Okay, this was a little disappointing. I think it would've helped a lot if we knew a little bit more about the characters. I understand that this is supposed to be a short piece, but it could still use at least some expanding. Introduce him and her a little more; tell us at least something more about them.

Also, and this might be a touchy subject, it was very erotic. It wasn't even very sensual. I know it isn't supposed to be, like, pr0n or anything, but it could still stand to be at least a little more sensual. We just got a laundry list of actions, but we didn't hear much about her reactions, or how it felt or if she liked it or if he liked it or anything like that. It doesn't have to be pr0n or even erotica, but something like this should at least be sensual.

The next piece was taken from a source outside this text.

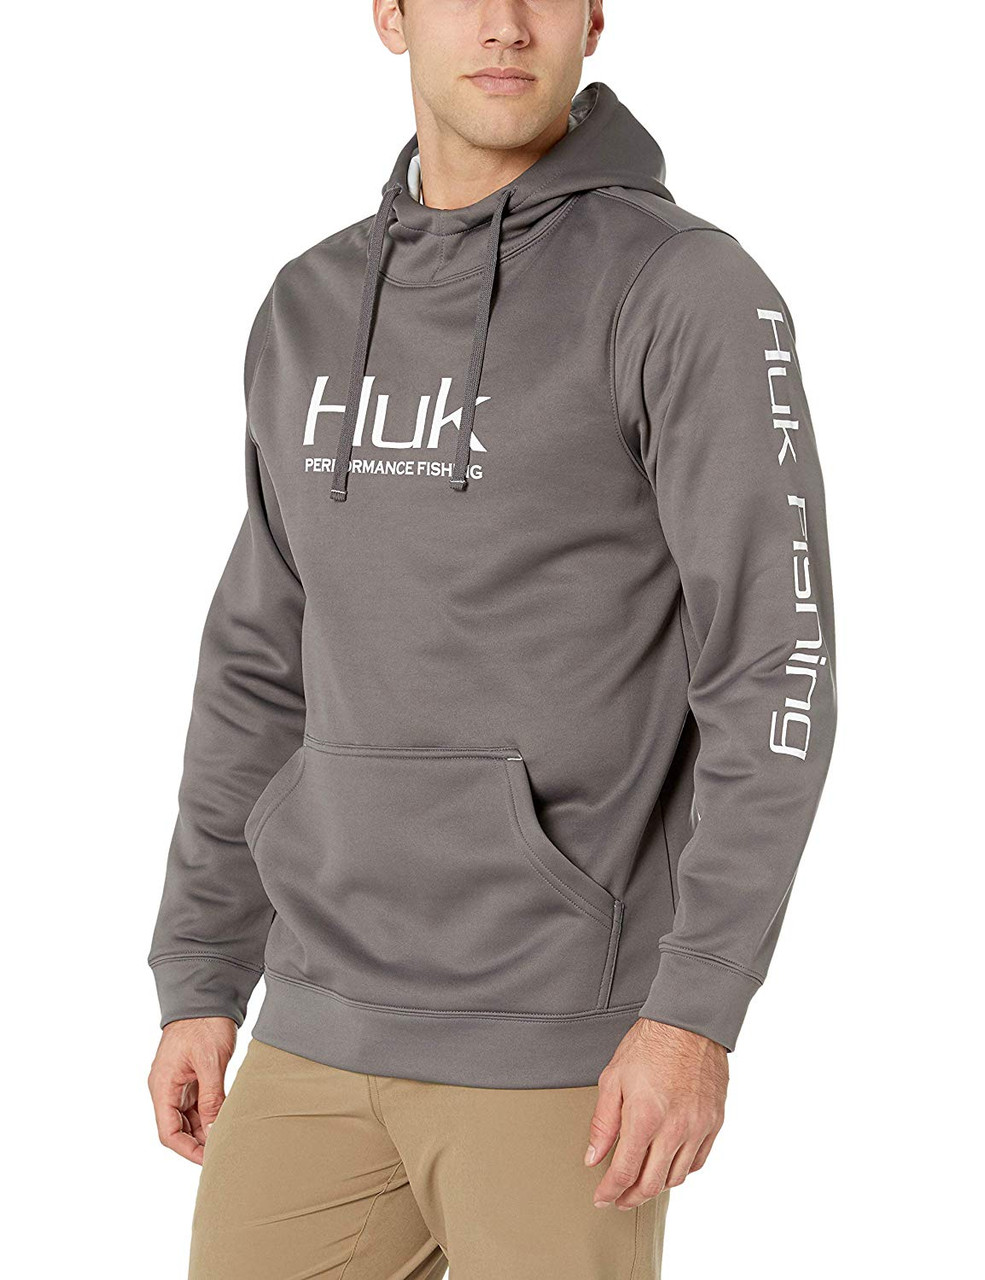 Huk Fishing Men's Performance Hoodie, Grey, Extra Large - H1300022-010-XL

Now to get back to the realm of something a little more appropriate, if you will. I think that the whole piece was very clichéd. The things he did, the things she did.
(I've also got a personal dislike of "velvety" lips. If my lips felt velvety, I'd be concerned.)*

I think this could have a lot of potential. Right now it feels more like a bare bones summary more than a real story.

edit: I just realized this, but the story is called "touch of angels" but there's no mention of or reference to the divine within the story itself. I think that if you're going to keep the title the way it is, you should add something to the story so that they fit better.

---
*that being said, I've never kissed-kissed anyone, so maybe I don't know.
✖ I'm sick, you're tired. Let's dance.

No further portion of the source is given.